Sustainable Development Goals Debate
Full Debate: Read Full DebateLord Loomba
Main Page: Lord Loomba (Crossbench - Life peer)Department Debates - View all Lord Loomba's debates with the Department for International Development
(9 years, 2 months ago)
Lords ChamberMy Lords, I welcome this debate and thank my noble friend Lord Chidgey for securing such an important opportunity to discuss the forthcoming summit on the SDGs and the Government’s position. The UN is to be congratulated on the progress that it has made in creating the 17 successor goals, with 169 targets, covering five main areas to act as a springboard from the MDGs. David Cameron, our Prime Minister, has ensured that the UK has played a significant role in the groundwork around the formation of the SDGs by serving on the High-Level Panel on the post-2015 Development Agenda, and is to be congratulated on this.
As we have heard from previous speakers, the UN is recommending 17 goals and 169 targets which relate to the five themes and cover many aspects: poverty, humanitarian, social, economic, climate and conflict. If all these goals and targets are implemented properly in the anticipated period of 15 years from 2015 to 2030 by all world leaders, I have no doubt that the world will be free of inequality, conflict, diseases and threats of climate problems.
Out of the 17 goals, I will focus on five which relate to women and girls. These are goals 1, 4, 5, 8 and 16. These goals are about achieving a better life and security for women and girls in the developing world. Many are often not able to access the means to enable them to improve their lives at all.
I will start with goal 16, which is to:
“Promote peaceful and inclusive societies for sustainable development, provide access to justice for all and build effective, accountable and inclusive institutions at all levels”.
It needs to be attained in several regions before many of the other goals can be implemented, for without peaceful, inclusive societies there is little that can be done to improve the lives of those who need it most. This goal should be at the forefront of every goal.

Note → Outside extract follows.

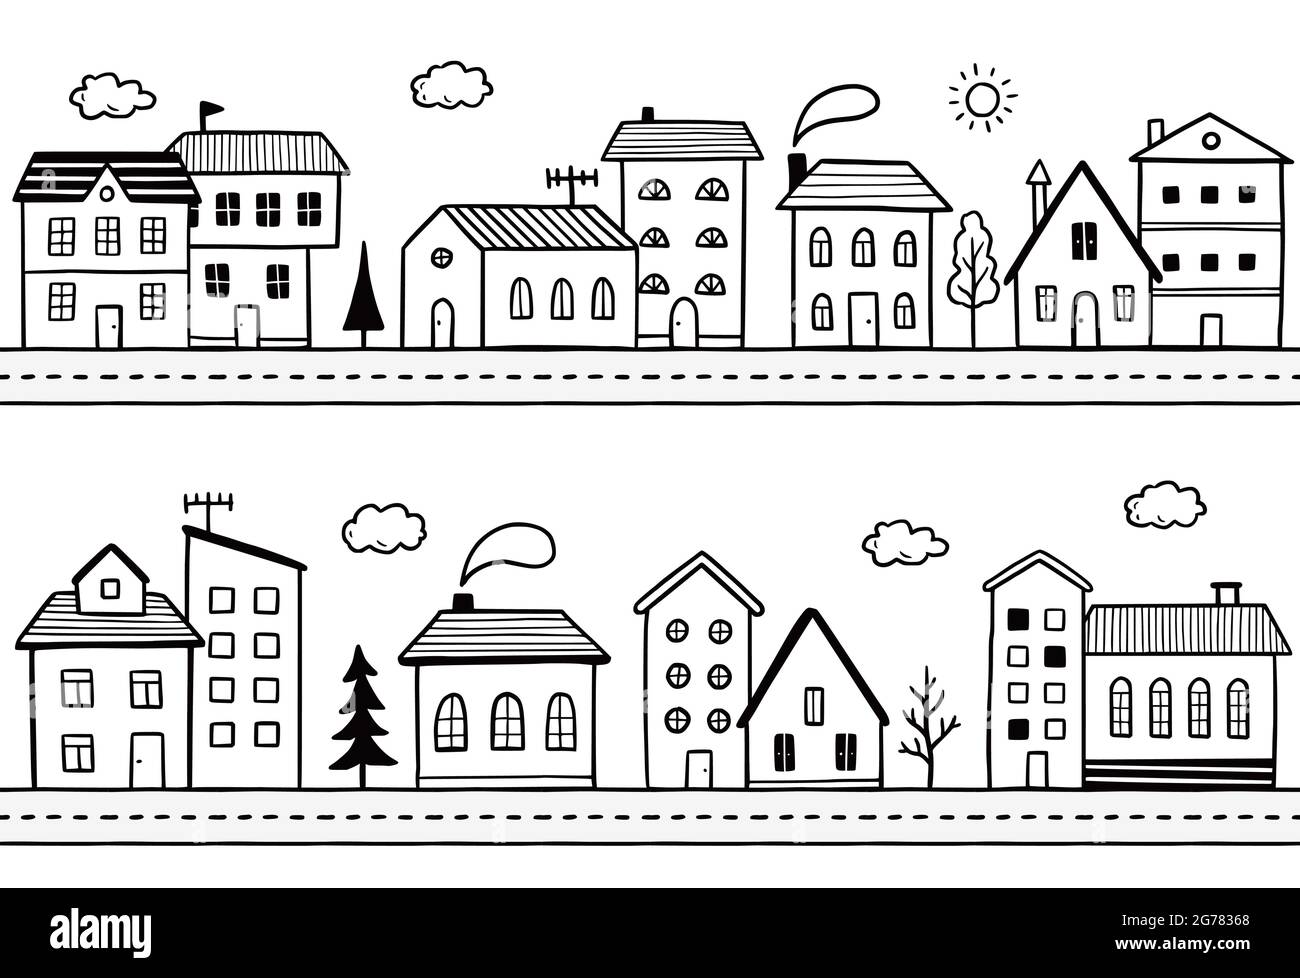 Doodle City Street avec maison. Style d'esquisse dessiné à la main. Maison avec toit. Illustration vectorielle pour village, motif de ville, arrière-plan. Illustration de Vecteur

For many women and children, goal 4 to:
“Ensure inclusive and equitable quality education and promote life-long learning opportunities for all”,
is but a far-off dream due to the conflicts and instabilities in many regions. The ongoing migrant crisis, resulting largely from conflicts, means that for many there is little hope of a life that is stable enough to allow them the opportunity to access any education, even if it is available for them. This is also true of goal 5 to:
“Achieve gender equality and empower all women and girls”,
and goal 8:
“Promote sustained, inclusive and sustainable economic growth, full and productive employment and decent work for all”.
Goal 1 refers to ending,
“poverty in all its forms everywhere”,
and continues on from the first goal of the MDGs, which was to eradicate extreme poverty. The UN Millennium Development Goals Report 2015 states that there is,
“greater risk of poverty among separated women, widows and single mothers”.
This report emphasises the importance of understanding what is happening in the world through data collection and analysis.
I am sure that your Lordships’ House is aware that I am committed to the welfare of widows and their children around the world. Here I declare my interest as founder and chairman trustee of the Loomba Foundation. The foundation commissioned a research study, the Global Widows Report 2015, which has revealed the growing numbers of widows and the struggles they face, especially in the developing world. There are now 259 million widows, up 9% since 2010, and 584 million dependants worldwide.
As noble Lords know only too well, since I and many others have said this in the House before, in the developing world widows suffer the double injustices of gender discrimination and widow discrimination. Widowhood is precisely the type of situation that the SDGs aim to improve. The humanitarian situation faced by widows and their children has worsened in the past few years, due to factors including armed conflict, instability in the Middle East and north Africa, the Ebola epidemic and increasing HIV infections. Conflicts have contributed to a growing number of widows, while UNICEF estimates that the Ebola virus has led to over 16,000 children losing one or both parents or their primary caregiver. Other estimates show that 17.7 million children under 18 have lost one or both parents due to HIV/AIDS.
These global challenges have resulted in the worst humanitarian crisis for widows and their children since World War Two. Making a specific focus of widows and their children part of the wider remit of the sustainable development goals, and the intention to probe more deeply into the problems that help create and sustain poverty, will serve women and girls much better. I understand that a global indicator framework to support the SDGs will be developed. Widows and their children in these indicators will ultimately have a far better life and status through the implementation of the five goals that I have referred to.
“Leave no one behind” is an encouraging goal. If properly implemented, it would help not only 259 million widows and 584 million children but more than 1 billion people on the planet when you add the number of dependants of these unfortunate widows. Will the Government encourage the UN to include widows and their children in the indicators that will follow after the adoption of the sustainable development goals at the forthcoming summit?